» **WHAT YOU NEED TO DO**
Repeat exactly, and only, the lines below starting at the line that contains "Dawno niewidziany Brad" and ending at the line that contains "Altuzarra Черные кожаные", inclusive of both.

■ ■ ■ ■ ■

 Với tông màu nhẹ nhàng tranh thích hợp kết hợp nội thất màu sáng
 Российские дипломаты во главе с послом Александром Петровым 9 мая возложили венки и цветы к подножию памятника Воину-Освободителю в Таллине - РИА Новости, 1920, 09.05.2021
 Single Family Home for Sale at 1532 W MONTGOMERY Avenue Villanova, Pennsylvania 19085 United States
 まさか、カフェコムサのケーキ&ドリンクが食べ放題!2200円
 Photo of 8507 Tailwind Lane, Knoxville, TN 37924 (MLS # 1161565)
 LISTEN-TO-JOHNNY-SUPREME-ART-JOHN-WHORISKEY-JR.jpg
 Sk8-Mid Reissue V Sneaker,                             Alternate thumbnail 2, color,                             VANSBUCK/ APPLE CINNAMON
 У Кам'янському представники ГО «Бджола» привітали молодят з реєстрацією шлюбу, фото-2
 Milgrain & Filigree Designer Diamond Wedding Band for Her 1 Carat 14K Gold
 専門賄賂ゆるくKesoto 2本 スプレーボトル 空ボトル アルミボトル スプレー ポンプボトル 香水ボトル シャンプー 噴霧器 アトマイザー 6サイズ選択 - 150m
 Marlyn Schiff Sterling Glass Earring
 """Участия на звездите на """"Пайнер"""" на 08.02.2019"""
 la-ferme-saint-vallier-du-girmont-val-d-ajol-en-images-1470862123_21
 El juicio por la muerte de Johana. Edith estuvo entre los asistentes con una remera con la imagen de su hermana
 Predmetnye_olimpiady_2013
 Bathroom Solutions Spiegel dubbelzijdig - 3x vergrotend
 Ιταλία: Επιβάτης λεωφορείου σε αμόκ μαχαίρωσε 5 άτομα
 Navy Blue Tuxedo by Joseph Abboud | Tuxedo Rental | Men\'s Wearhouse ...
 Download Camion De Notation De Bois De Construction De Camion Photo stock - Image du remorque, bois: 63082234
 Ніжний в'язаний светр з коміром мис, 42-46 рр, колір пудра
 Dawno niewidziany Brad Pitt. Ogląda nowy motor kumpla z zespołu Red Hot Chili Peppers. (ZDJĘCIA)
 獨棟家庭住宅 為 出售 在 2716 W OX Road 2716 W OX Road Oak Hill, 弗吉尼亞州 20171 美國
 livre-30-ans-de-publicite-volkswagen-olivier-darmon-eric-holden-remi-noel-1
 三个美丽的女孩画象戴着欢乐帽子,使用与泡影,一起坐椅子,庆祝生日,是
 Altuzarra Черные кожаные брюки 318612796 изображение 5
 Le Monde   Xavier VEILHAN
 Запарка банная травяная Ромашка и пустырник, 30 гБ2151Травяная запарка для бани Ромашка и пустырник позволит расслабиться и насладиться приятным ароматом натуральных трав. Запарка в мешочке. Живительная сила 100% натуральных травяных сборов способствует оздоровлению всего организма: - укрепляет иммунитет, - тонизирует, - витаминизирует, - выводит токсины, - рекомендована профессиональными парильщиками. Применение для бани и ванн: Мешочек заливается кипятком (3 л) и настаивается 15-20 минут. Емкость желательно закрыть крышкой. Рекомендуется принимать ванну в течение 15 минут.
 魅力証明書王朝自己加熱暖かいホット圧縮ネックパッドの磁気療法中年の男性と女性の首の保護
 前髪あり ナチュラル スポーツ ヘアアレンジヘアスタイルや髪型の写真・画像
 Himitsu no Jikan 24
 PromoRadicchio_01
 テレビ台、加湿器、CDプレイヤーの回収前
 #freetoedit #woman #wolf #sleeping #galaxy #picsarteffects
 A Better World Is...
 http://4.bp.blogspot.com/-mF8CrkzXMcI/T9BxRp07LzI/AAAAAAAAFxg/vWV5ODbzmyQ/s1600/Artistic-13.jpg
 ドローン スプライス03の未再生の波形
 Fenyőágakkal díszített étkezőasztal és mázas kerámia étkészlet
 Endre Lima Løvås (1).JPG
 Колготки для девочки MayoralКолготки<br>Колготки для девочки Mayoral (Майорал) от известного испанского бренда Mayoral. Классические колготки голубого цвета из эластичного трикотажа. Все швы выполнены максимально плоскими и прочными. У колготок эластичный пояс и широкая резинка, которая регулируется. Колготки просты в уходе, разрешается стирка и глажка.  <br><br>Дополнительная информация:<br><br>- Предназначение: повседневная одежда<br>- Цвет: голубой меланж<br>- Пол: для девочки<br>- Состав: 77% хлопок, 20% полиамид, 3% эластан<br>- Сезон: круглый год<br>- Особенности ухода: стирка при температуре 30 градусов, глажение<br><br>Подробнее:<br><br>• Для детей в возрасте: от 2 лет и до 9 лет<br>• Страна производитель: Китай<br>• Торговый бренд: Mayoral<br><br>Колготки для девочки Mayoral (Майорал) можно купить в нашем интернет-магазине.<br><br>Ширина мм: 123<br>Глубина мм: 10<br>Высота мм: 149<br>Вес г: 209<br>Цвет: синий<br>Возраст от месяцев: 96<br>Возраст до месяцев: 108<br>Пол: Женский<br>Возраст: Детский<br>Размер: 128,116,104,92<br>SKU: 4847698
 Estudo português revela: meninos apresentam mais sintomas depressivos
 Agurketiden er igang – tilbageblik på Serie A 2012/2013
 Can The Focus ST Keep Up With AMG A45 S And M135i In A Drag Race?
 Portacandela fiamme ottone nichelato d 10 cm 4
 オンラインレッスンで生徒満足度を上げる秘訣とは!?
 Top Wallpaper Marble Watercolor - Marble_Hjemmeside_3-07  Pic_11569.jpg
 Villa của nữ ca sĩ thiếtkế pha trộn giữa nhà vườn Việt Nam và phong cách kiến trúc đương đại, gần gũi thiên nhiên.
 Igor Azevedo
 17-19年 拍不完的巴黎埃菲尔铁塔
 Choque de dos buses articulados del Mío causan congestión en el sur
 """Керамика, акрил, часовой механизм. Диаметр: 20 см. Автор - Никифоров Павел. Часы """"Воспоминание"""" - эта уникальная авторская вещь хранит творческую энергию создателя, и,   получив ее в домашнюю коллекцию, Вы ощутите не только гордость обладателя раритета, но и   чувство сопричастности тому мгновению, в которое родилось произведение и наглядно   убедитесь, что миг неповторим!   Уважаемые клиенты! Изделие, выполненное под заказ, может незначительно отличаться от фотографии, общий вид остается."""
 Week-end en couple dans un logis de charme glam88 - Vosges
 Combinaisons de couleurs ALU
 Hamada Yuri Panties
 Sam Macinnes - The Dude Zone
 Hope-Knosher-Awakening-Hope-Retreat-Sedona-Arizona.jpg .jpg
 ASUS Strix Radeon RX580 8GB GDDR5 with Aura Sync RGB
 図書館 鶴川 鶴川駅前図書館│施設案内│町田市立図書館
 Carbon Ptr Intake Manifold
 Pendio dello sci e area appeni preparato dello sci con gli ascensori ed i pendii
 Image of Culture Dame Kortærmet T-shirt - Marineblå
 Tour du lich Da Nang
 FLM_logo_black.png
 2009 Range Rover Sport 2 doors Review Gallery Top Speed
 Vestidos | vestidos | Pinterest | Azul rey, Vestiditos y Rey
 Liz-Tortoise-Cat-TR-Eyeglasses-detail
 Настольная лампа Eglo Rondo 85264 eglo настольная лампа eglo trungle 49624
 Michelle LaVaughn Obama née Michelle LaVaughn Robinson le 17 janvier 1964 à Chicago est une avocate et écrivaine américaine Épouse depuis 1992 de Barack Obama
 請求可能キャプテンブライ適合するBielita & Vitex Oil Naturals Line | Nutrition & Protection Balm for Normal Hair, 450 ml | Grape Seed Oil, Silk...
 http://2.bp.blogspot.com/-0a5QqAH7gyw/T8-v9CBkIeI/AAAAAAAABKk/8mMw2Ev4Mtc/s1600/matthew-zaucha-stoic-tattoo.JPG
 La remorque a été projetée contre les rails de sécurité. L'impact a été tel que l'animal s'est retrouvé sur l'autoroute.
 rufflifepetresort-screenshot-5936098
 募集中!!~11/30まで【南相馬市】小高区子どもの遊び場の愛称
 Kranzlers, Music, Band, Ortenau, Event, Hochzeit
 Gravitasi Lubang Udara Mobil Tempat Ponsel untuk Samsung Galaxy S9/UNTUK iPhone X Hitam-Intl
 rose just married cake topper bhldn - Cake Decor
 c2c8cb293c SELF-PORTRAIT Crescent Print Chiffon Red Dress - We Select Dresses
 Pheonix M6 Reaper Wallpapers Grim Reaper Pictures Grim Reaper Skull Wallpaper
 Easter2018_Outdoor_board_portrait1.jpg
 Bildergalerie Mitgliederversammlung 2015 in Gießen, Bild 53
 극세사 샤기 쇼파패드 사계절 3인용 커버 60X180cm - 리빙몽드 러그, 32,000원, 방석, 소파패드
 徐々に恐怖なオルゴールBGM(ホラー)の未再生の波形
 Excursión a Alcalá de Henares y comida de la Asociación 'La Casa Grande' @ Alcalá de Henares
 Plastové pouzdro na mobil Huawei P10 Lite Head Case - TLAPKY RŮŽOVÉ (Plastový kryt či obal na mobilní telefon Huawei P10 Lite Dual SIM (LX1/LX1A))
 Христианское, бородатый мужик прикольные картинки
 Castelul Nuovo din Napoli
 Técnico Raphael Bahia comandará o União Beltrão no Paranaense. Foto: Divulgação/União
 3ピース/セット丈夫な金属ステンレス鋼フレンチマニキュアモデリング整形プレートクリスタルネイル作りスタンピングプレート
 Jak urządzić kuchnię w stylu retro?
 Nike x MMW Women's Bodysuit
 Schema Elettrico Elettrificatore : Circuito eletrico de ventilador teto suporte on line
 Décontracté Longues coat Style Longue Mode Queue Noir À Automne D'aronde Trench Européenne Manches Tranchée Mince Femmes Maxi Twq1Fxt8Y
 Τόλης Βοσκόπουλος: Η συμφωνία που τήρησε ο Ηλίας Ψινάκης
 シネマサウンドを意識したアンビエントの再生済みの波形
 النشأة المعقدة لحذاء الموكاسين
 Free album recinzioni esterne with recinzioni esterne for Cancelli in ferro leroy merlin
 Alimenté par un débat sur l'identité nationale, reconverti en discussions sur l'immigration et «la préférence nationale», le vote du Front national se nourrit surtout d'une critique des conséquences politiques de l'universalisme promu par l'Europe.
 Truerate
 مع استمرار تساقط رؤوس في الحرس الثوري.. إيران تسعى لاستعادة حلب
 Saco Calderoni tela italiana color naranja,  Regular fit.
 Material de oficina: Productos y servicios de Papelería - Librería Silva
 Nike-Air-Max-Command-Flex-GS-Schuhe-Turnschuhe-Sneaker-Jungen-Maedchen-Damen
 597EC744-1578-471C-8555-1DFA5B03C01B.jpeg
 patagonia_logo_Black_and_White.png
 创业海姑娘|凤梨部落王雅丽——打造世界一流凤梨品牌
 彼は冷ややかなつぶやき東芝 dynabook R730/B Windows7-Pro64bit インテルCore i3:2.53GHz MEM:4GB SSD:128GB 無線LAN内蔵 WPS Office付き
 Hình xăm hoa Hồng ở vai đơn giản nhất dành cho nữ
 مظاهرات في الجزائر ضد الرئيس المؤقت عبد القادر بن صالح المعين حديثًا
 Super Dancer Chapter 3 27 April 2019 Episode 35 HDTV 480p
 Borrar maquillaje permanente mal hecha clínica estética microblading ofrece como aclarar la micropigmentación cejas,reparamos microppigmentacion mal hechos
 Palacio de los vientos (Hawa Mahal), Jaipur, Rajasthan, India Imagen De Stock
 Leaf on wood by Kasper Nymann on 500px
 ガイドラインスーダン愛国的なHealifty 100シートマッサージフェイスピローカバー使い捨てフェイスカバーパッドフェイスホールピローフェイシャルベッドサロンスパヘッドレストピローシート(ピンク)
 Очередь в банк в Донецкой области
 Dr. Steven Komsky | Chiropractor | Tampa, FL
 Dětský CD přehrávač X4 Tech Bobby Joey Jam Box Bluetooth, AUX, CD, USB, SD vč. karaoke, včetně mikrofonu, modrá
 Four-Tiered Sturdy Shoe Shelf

■ ■ ■ ■ ■

» **RESPONSE AREA**
 Dawno niewidziany Brad Pitt. Ogląda nowy motor kumpla z zespołu Red Hot Chili Peppers. (ZDJĘCIA)
 獨棟家庭住宅 為 出售 在 2716 W OX Road 2716 W OX Road Oak Hill, 弗吉尼亞州 20171 美國
 livre-30-ans-de-publicite-volkswagen-olivier-darmon-eric-holden-remi-noel-1
 三个美丽的女孩画象戴着欢乐帽子,使用与泡影,一起坐椅子,庆祝生日,是
 Altuzarra Черные кожаные брюки 318612796 изображение 5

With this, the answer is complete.